## Problem requirements
Return the listing in full and exactly, but without a single picture.

## Recorded information
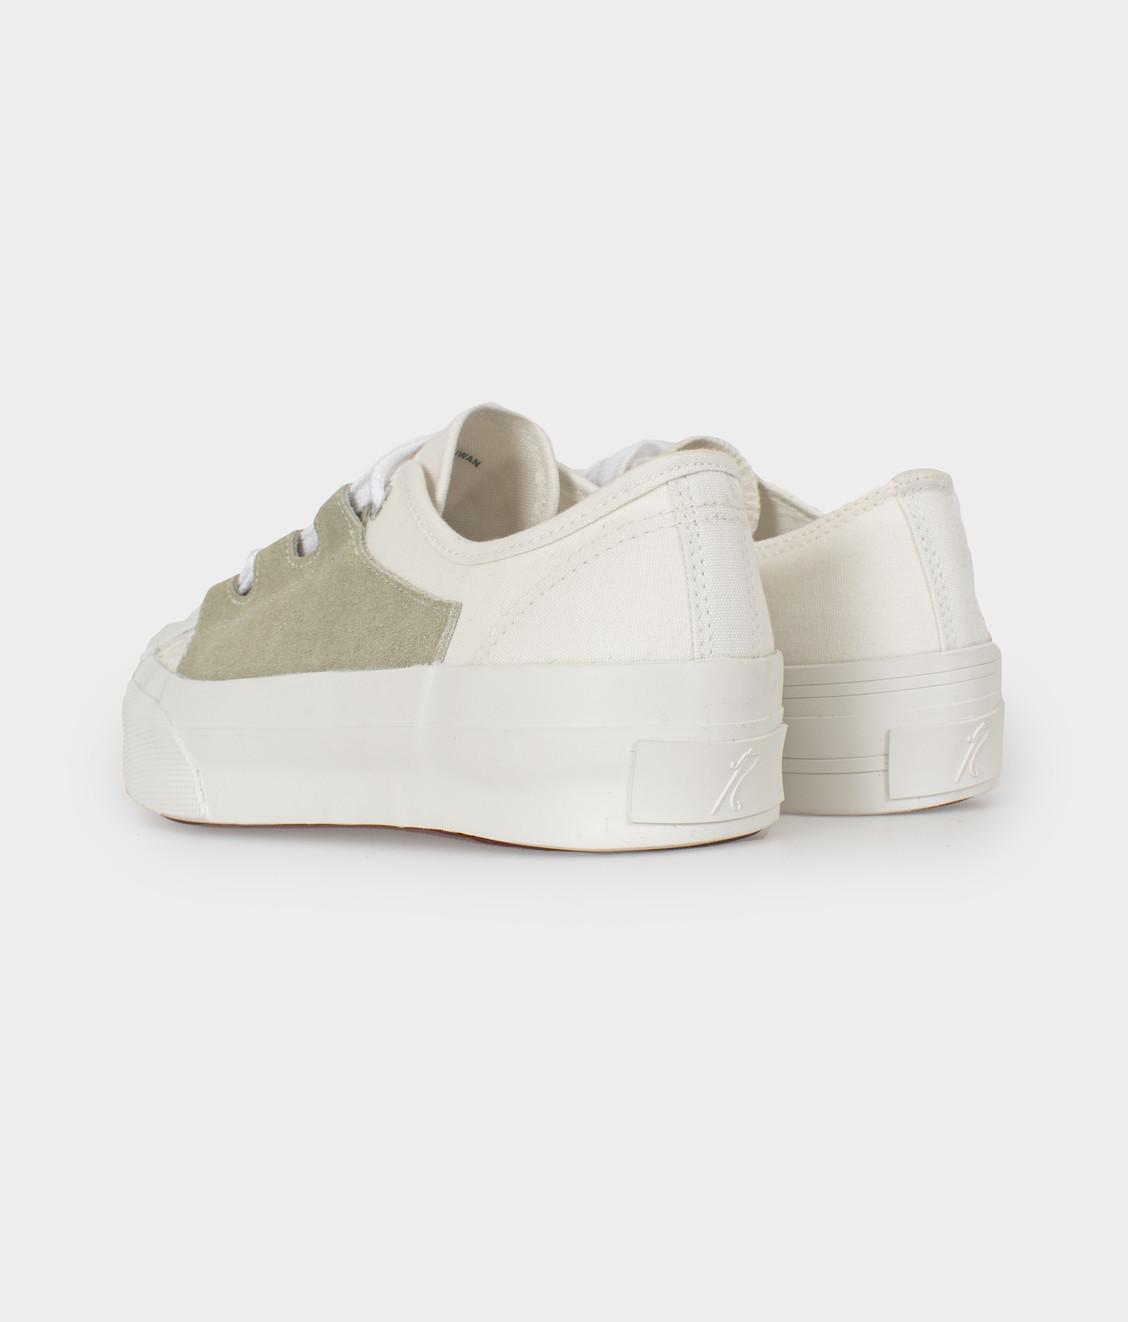 Needles Needles Asymmetric Ghillie Sneaker White
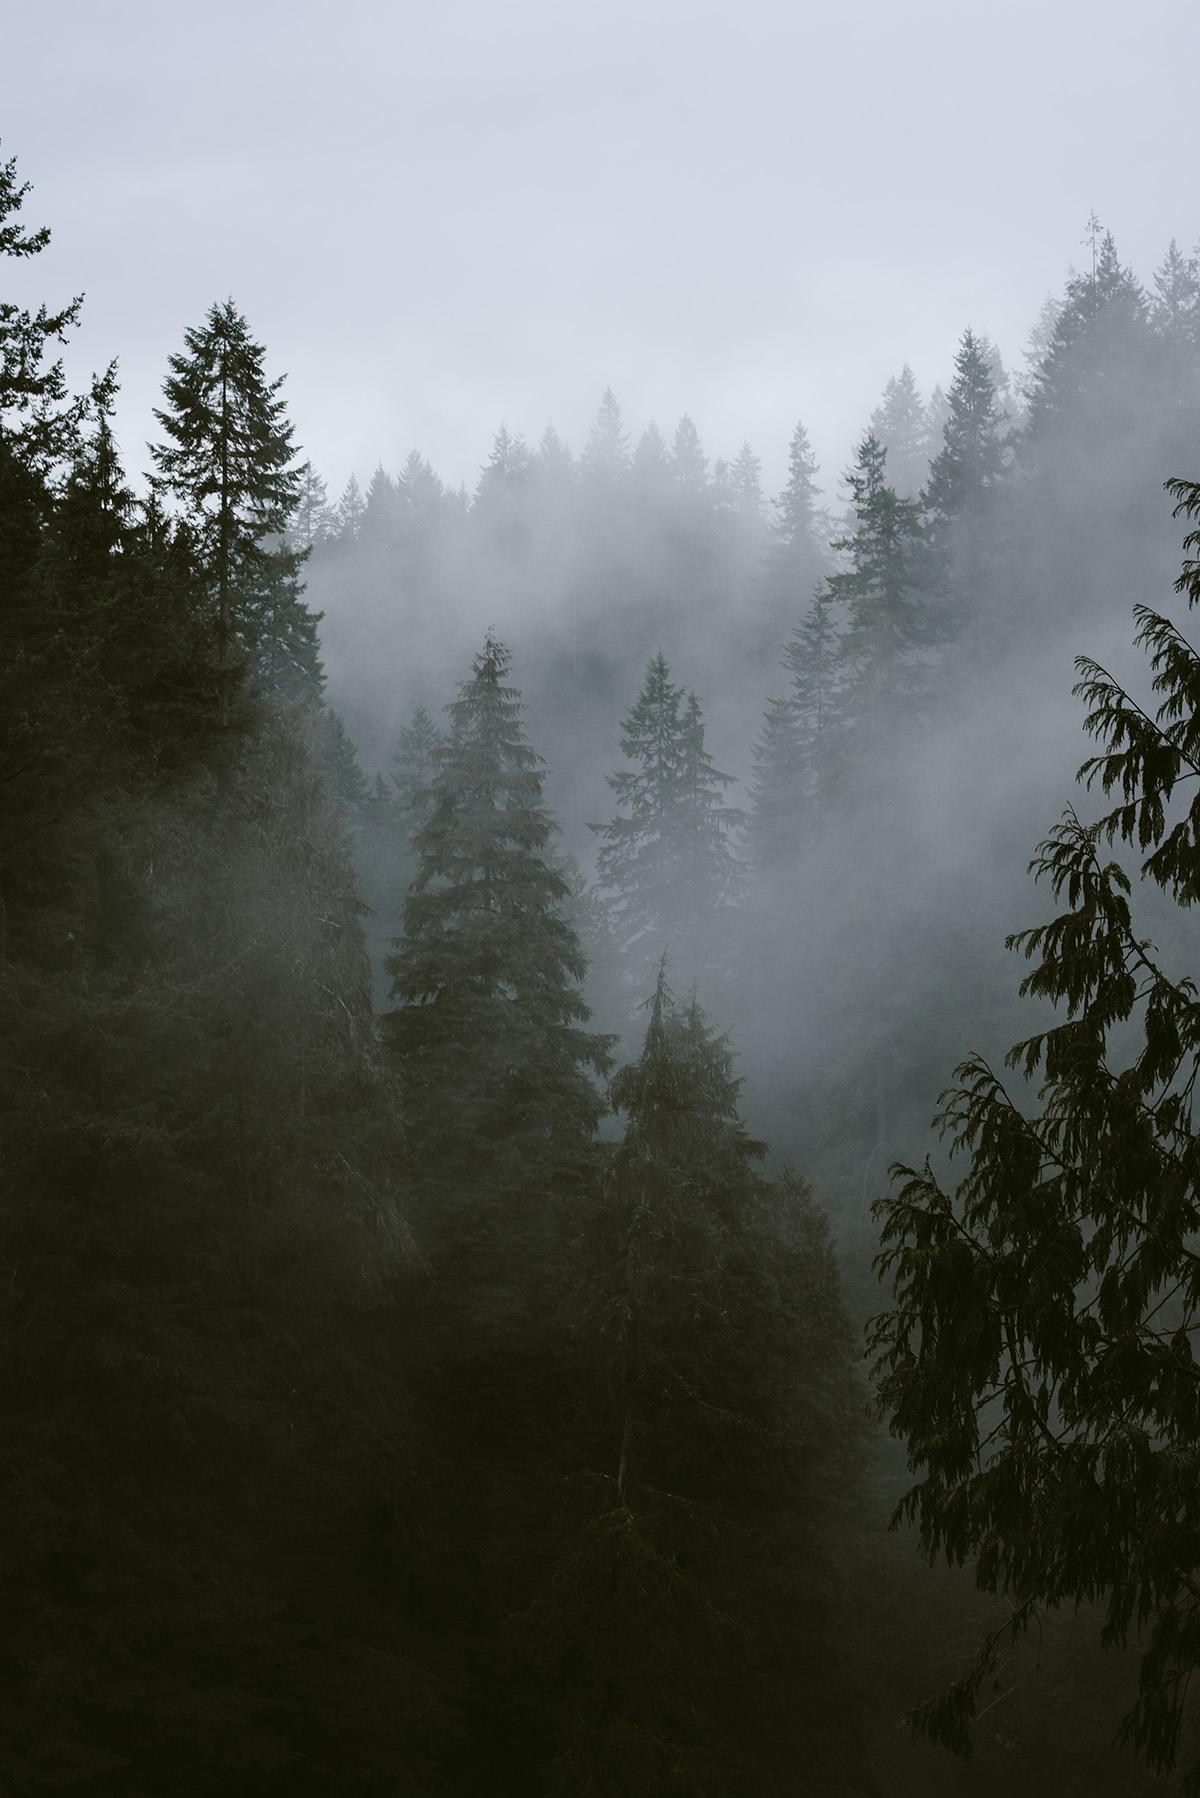 vancouver capilano foggy trees
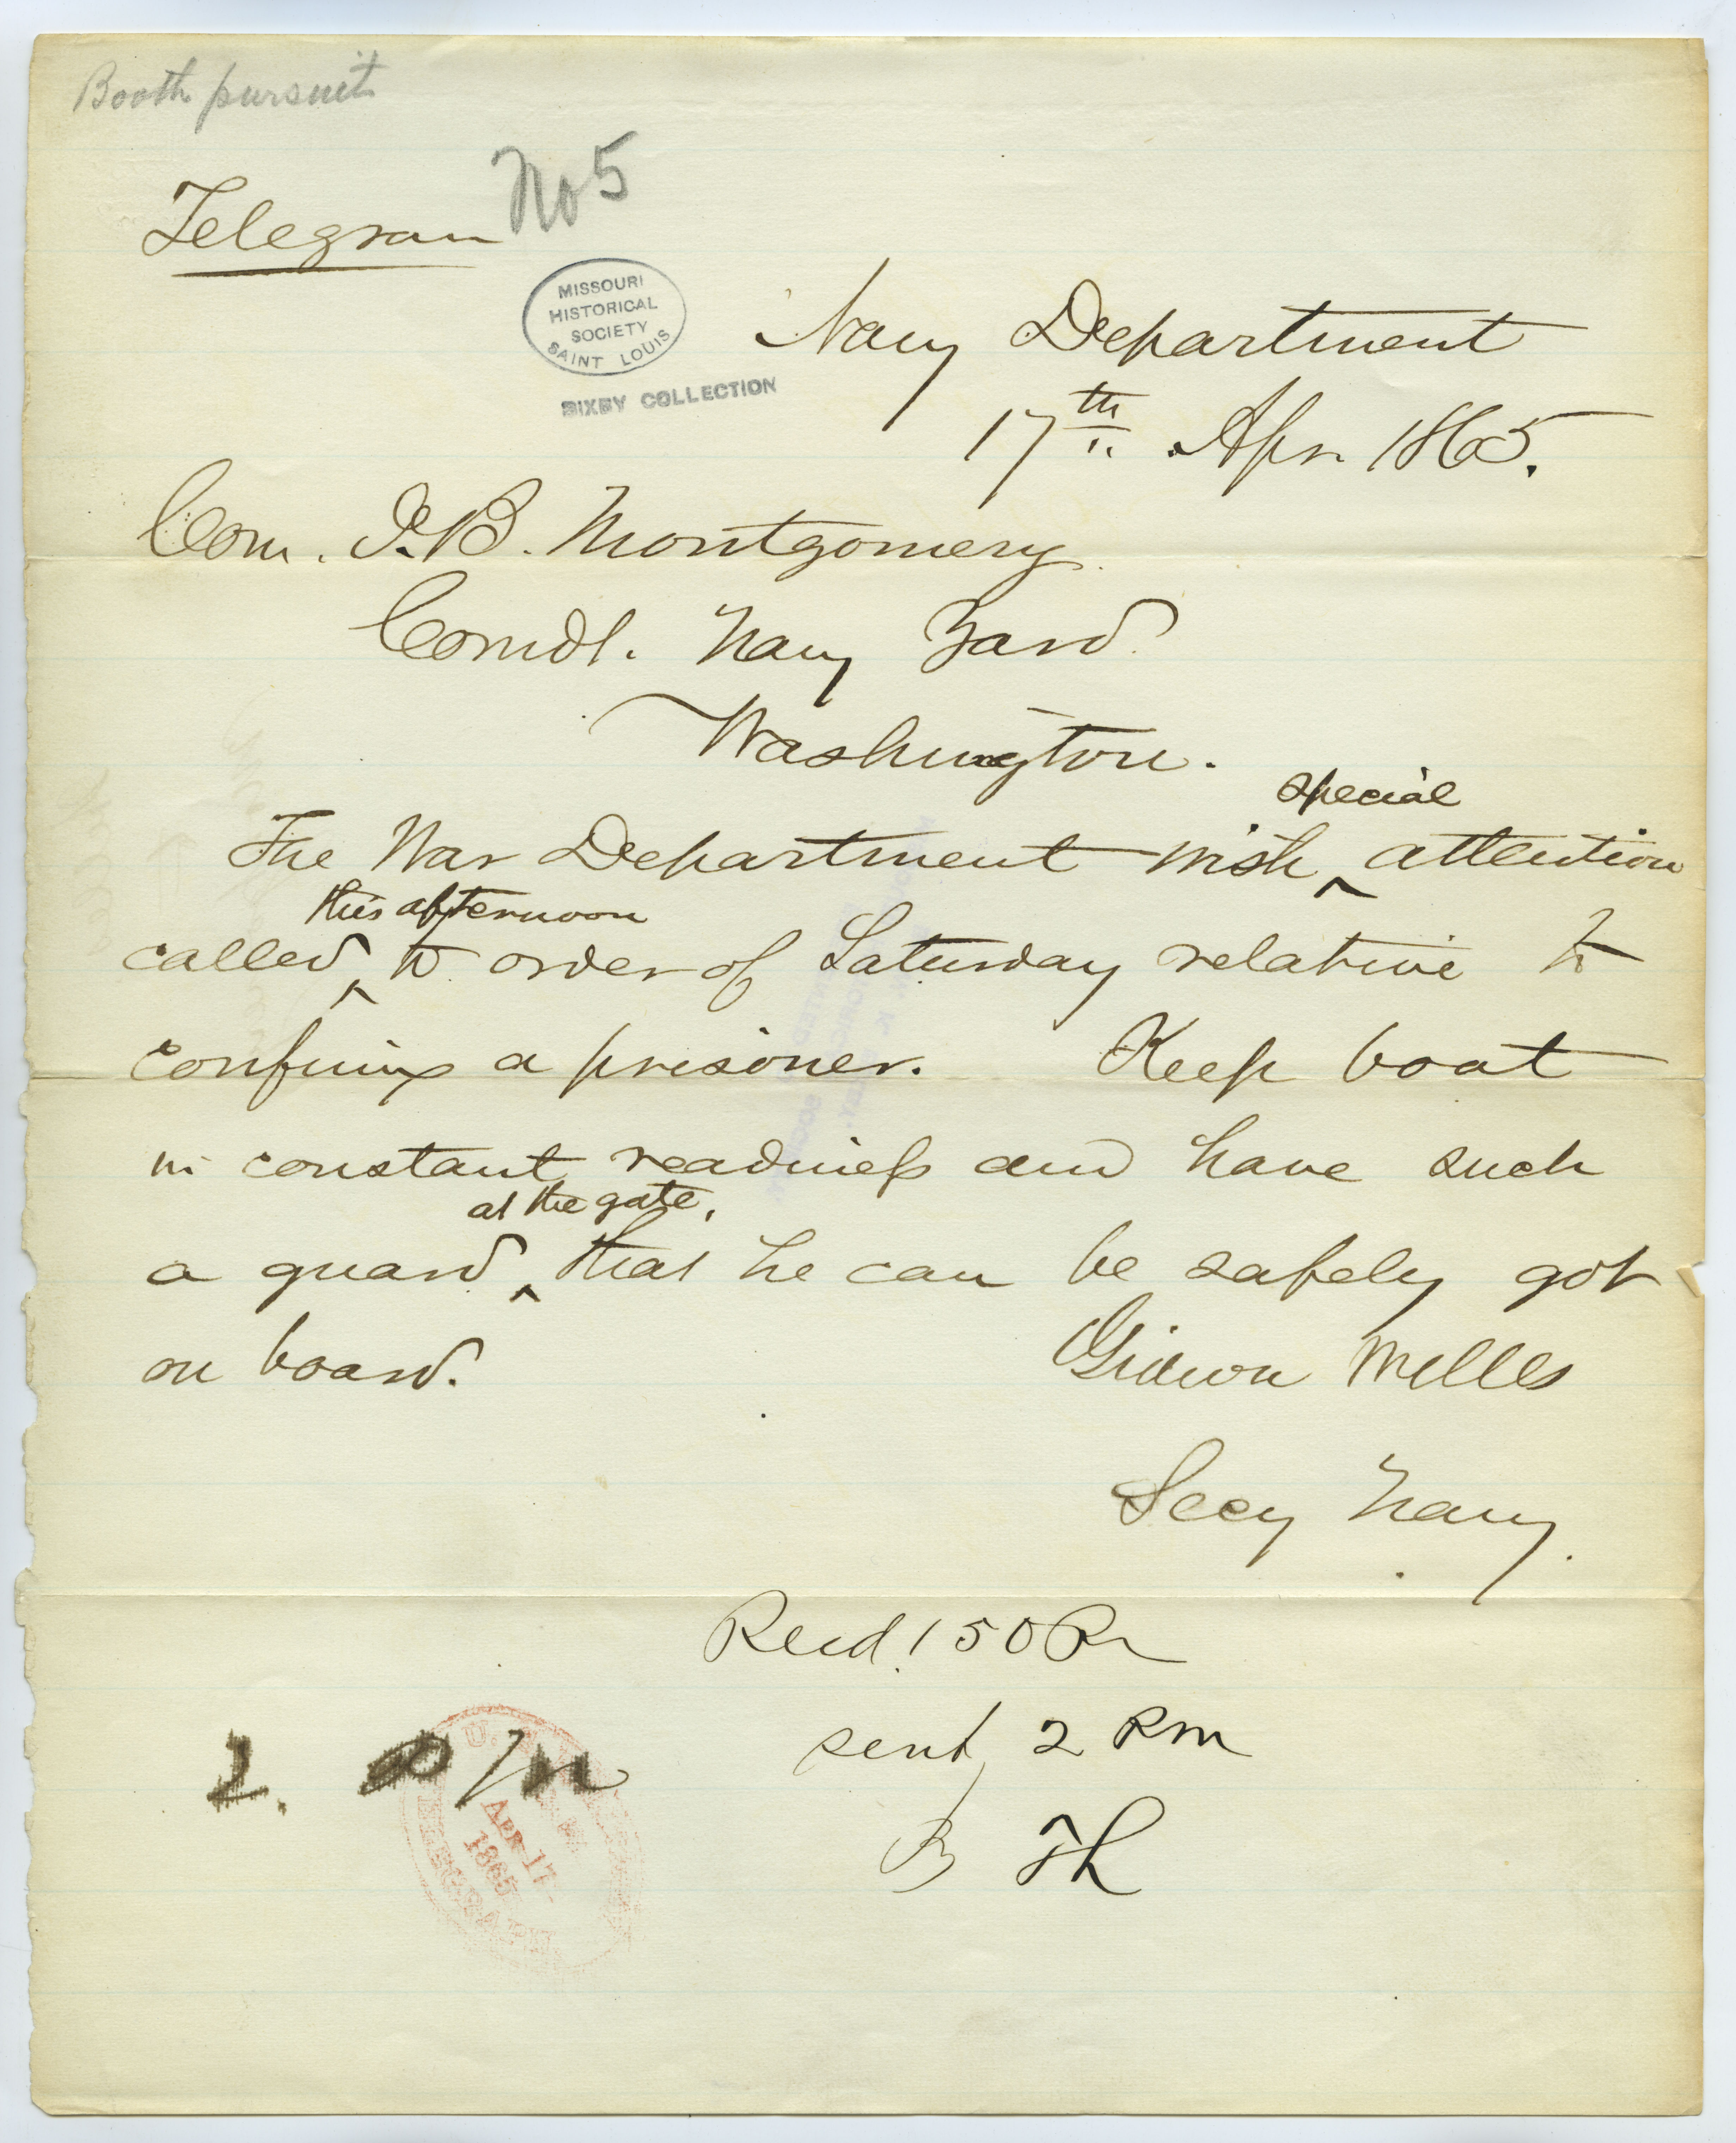 Contemporary copy of telegram of Gideon Welles, Secy. Navy, Navy Department, to Com. J.B. Montgomery, Comdg. Navy Yard, Washington, April 17, 1865

## The answer
 Needles Needles Asymmetric Ghillie Sneaker White
 vancouver capilano foggy trees
 Contemporary copy of telegram of Gideon Welles, Secy. Navy, Navy Department, to Com. J.B. Montgomery, Comdg. Navy Yard, Washington, April 17, 1865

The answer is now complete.